The house said earlier there were expectations that resin prices will start falling in the third quarter of this year. But now it is expected to plateau and gradually fall sooner than expected.
It is of the view that resin prices are likely to remain elevated for some time as the months-long disruption has left deep deficits throughout the global supply chain, it adds.
Resin cost for this year is expected at between US$1,100 (RM4,510) and US$1,200 (RM4,920) per metric tonne. This is marginally below the year to date average of US$1,150 per metric tonne to US$1,300 per metric tonne.
The house has a “neutral stand” on the sector and expects revenues to rise across the board.

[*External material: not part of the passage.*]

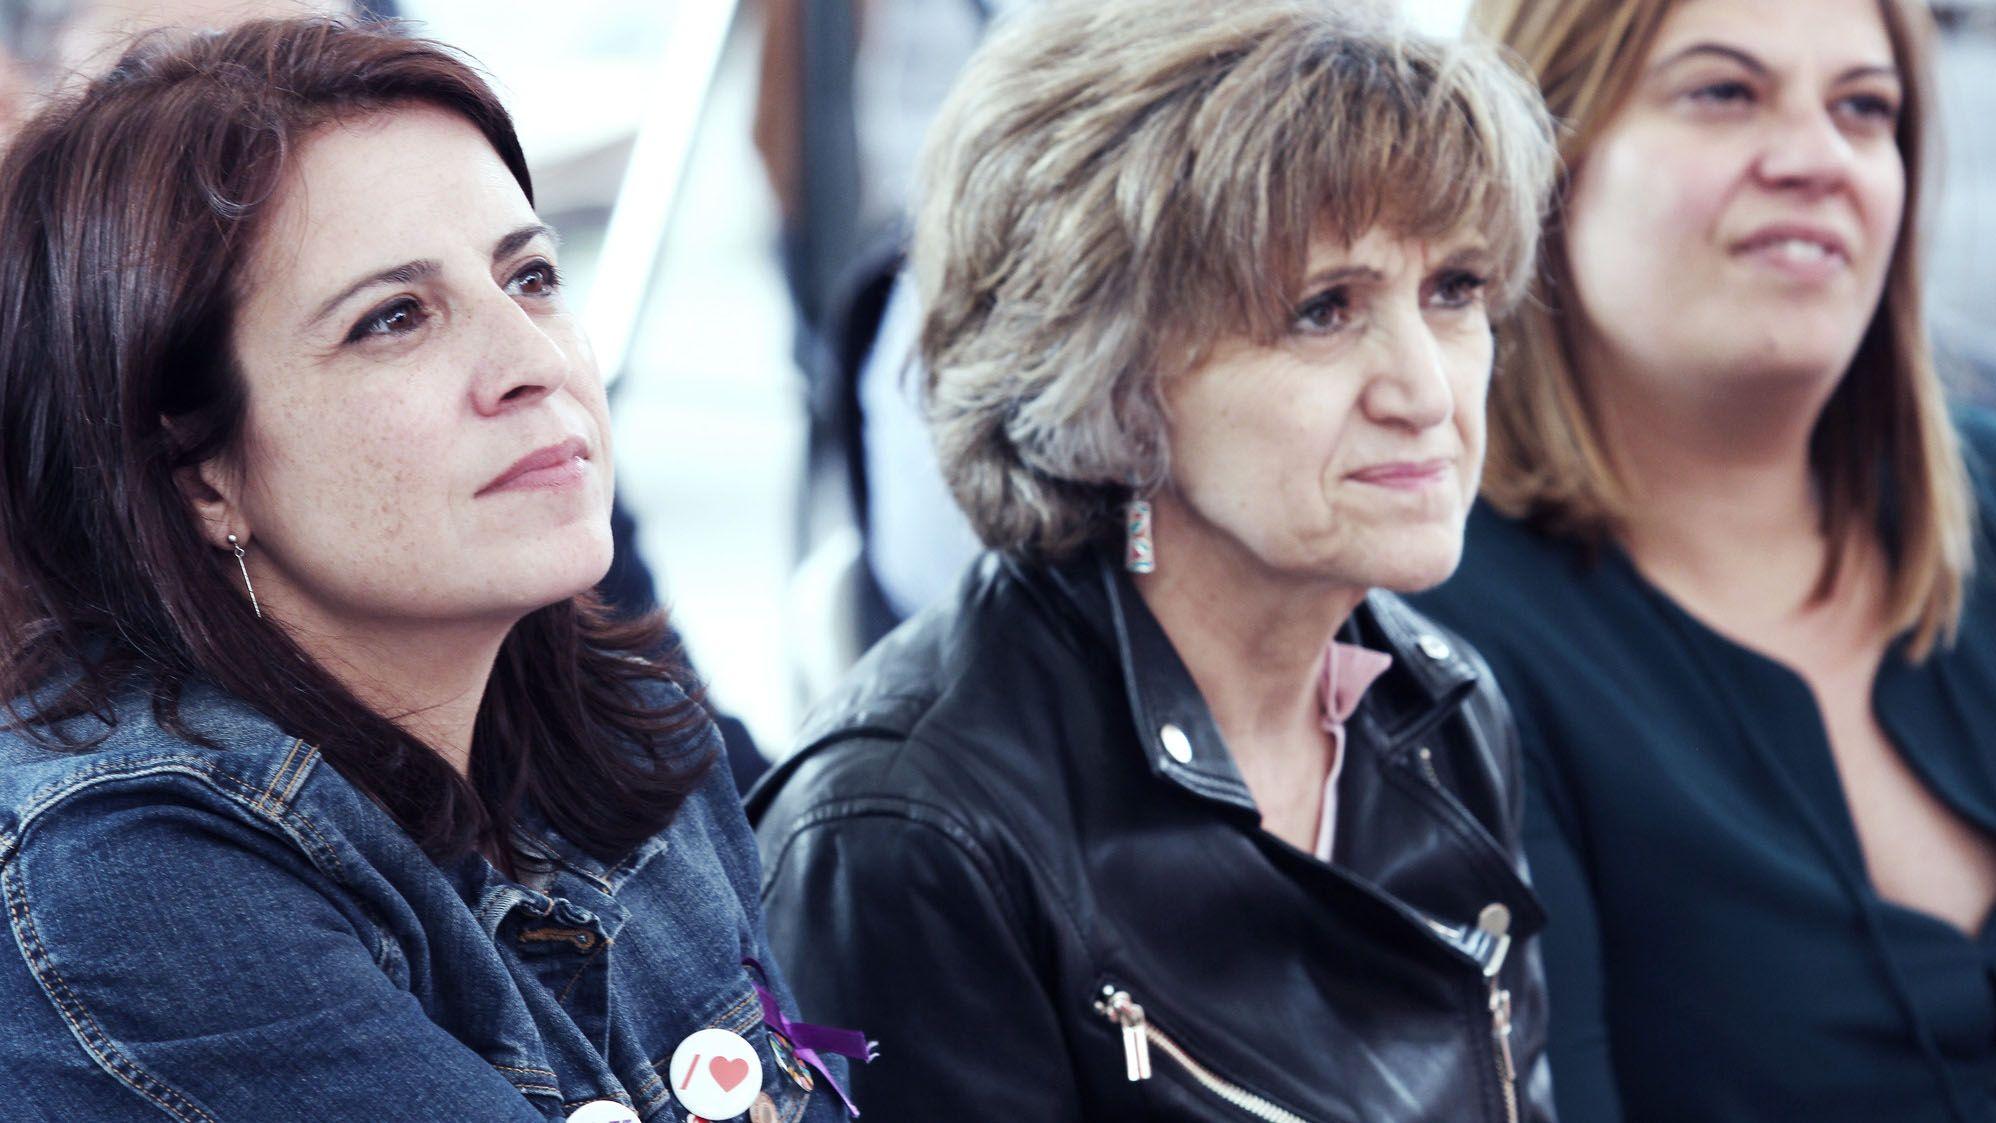 Un centenar de personas evita el desahucio de una mujer de 72 años en Gijón.Adriana Lastra Maria Luis Carcedo
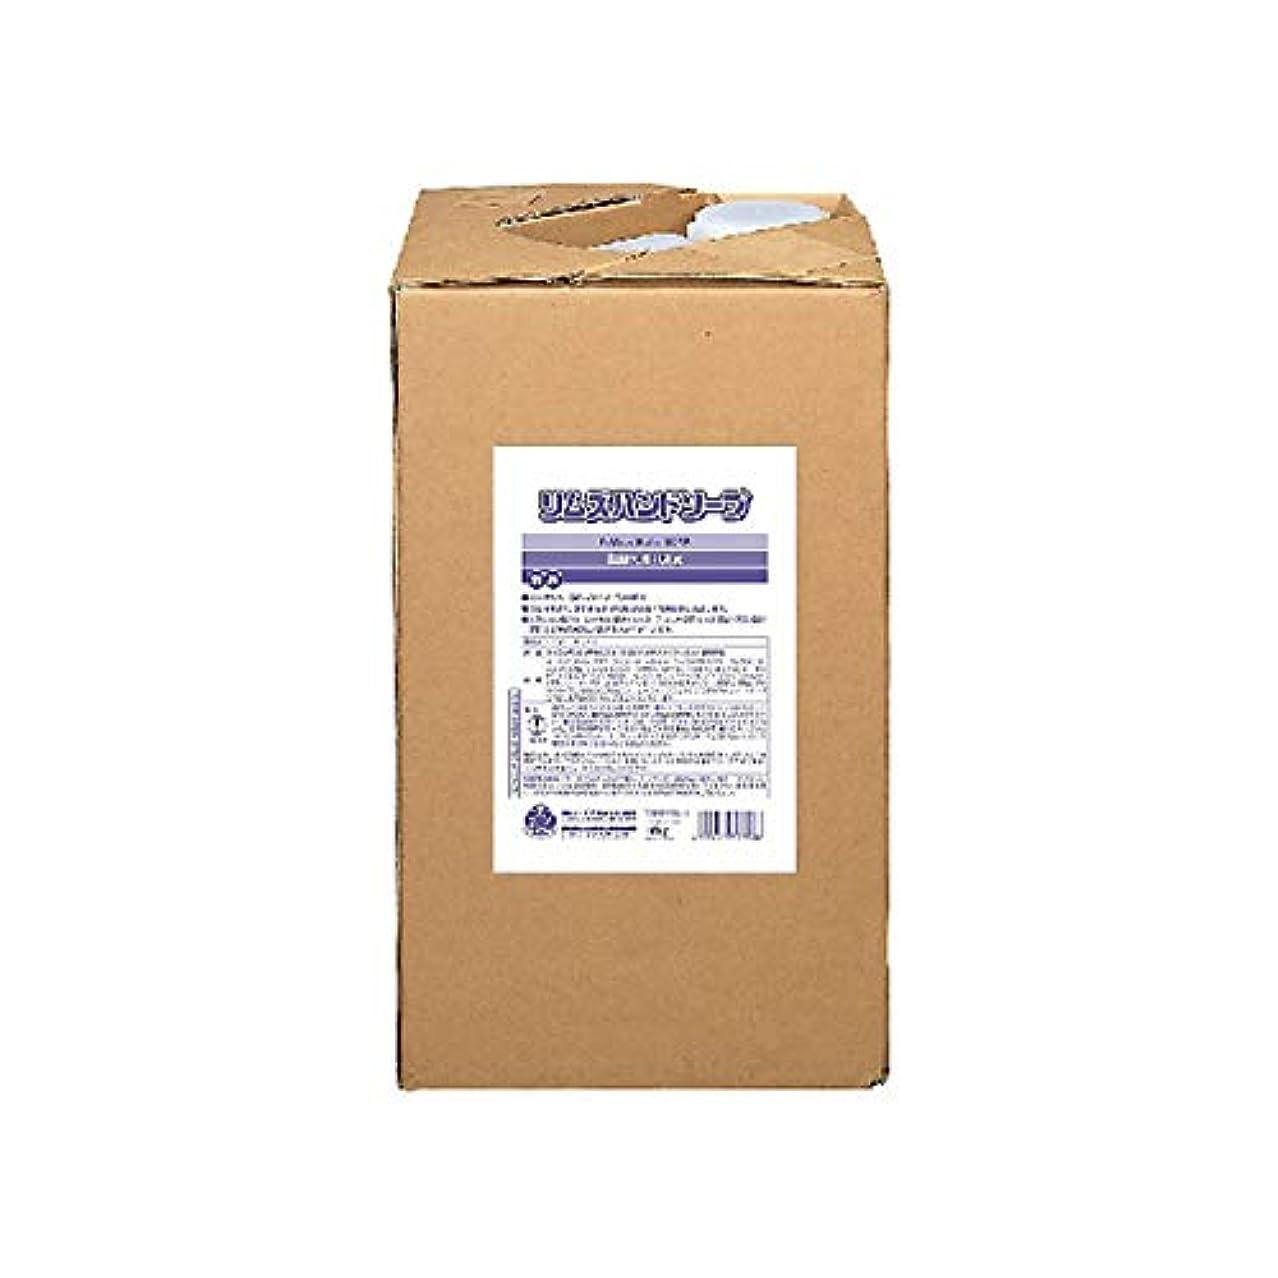 シフトメンタル振幅イチネンケミカルズ:リムズハンドソープ 詰替用 16kg 518

This will be led by higher production volume from recovering global demand, and higher average selling prices.
However, it said that Thong Guan and SCGM Bhd tend to have weaker February sales due to the Chinese New Year holidays.
It expects margins to at least remain stable relative to the fourth quarter of 2020 as they pass on their higher costs.
“Thus, we are expecting flat to marginal quarter-on-quarter growth in their bottom lines, ’’ Kenanga said.
It has a “outperform’’ call on both Thong Guan and SCGM with a target price (TP) of RM3 and RM2.62 a share respectively..
It cited risks to its call that include higher/lower-than-expected demand for plastic products, especially from importing countries, higher-than-expected resin prices, and a sector re-rating due to macroeconomic factors.